On the other hand, some readers have expressed the wish that Jin Yong would not keep coming out with new editions, because they can't afford to keep buying them. Nevertheless, Jin Yong is still very concerned about his works, so he can only promise that in his stories, "the destinies of the characters won't change. The little snags still must be smoothed out, so that later readers will be a little more comfortable."
Jin Yong is dedicated to making his stories perfect, but he often has angry words to say about films and television shows based on his works that do not remain faithful to the original.
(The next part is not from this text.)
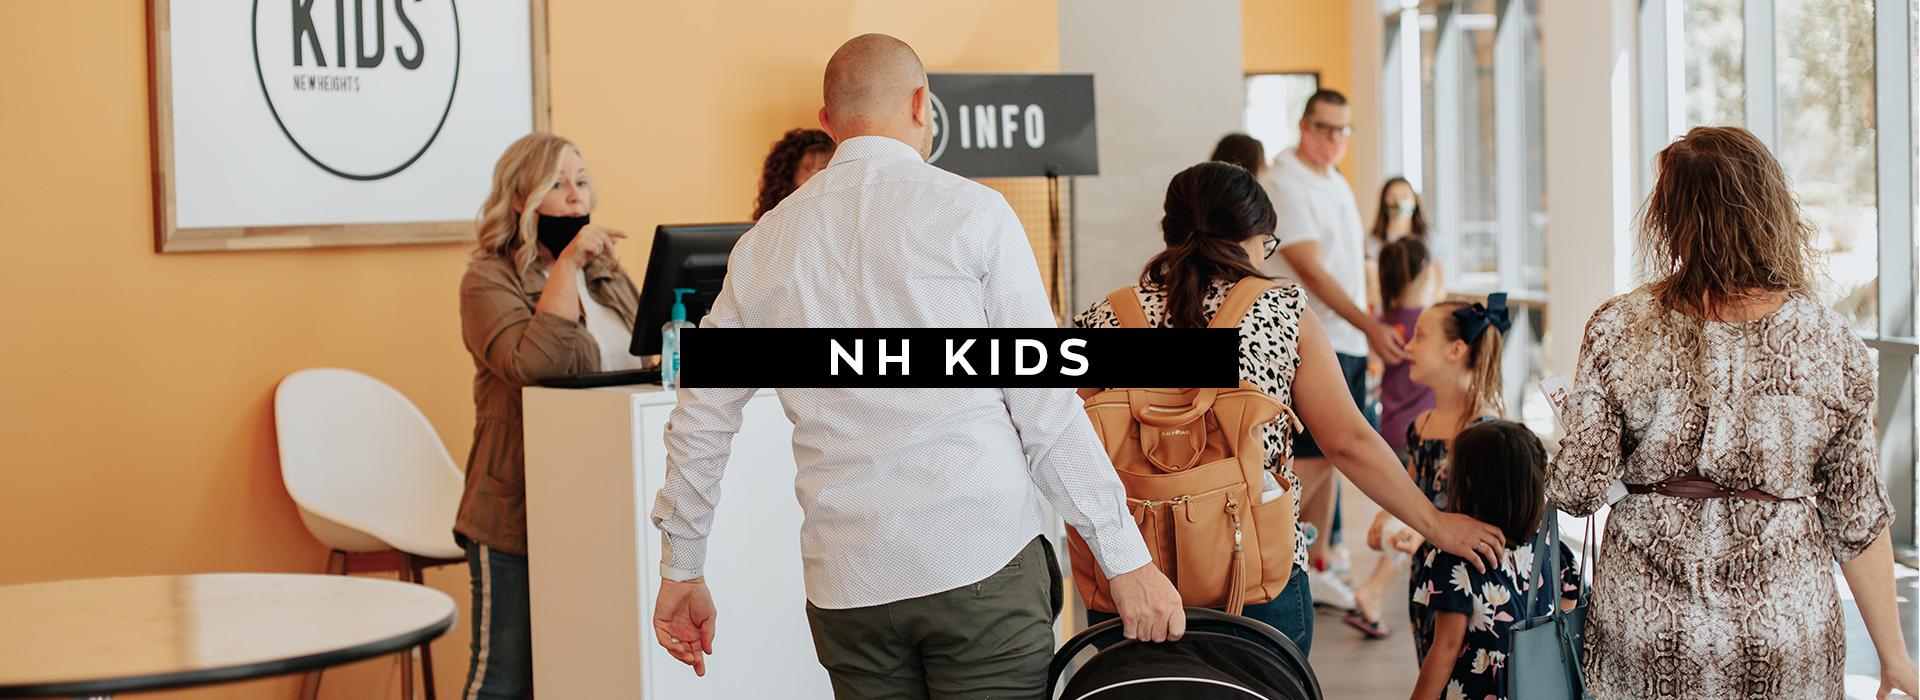 NH Kids Banner copy

"At first, I sold the novels' copyrights to TV or movie producers in the hope that more readers would come to know about my stories. It didn't occur to me that the screenwriters would completely alter my stories." Jin Yong says he can understand shortening a story if it is too long, but they should not make changes to the plot, modifying the personalities of the characters.
For instance, the TTV production of Shendiao Xiaolu had Xiao Long Nu develop friendly feelings toward the Taoist practitioner Ying Zhiping, who raped her. And in the Hong Kong movie version of The Eagle-shooting Heroes, the pharmacist Dr. Huang had a pet cat. In traditional Chinese society, raising a dog was understandable, but rarely did anyone raise a cat.
Wandering off into distant lands
When he is asked why he hasn't written any memoirs, he merely says that his own life "isn't in the least astonishing or moving, nor is it spell-binding. A memoir would have no great value." He only wants to write one or two more historical novels for everyone to enjoy. He is highly interested in the degree of openness during the Tang dynasty, but he feels that the farther away from us an epoch is, the harder it is to write about, because one must spend a great deal of time researching and considering-when they drank tea, what kind of tea did they drink? When they ate, how did they eat? What kind of clothes did they wear?
Whenever scholars or readers offer him praise, he always thanks everyone, with an air of humility. At the International Conference on Jin Yong's Novels, one person used the term "Jin studies." The author replied with complete modesty that Jin Yong's fiction must never become an esoteric field of study. Li Bai and Du Fu were so great, yet there is no such thing as "Li studies" or "Du studies"! Jin Yong appears to make light of his own success-just like the historical figures he admires, Zhang Liang and Fan Li, who after rising in the world chose to wander off without a trace into the distant lands.
p.43
If he has time, Jin Yong, a newspaperman and novelist, wishes most to immerse himself in research, become an accomplished scholar, and write an historical novel.
p.44
Taiwan boasts a multitude of Jin Yong fans. In the last several years, he has often visited Taiwan. Last year, he and his wife went on a tour of Ilan.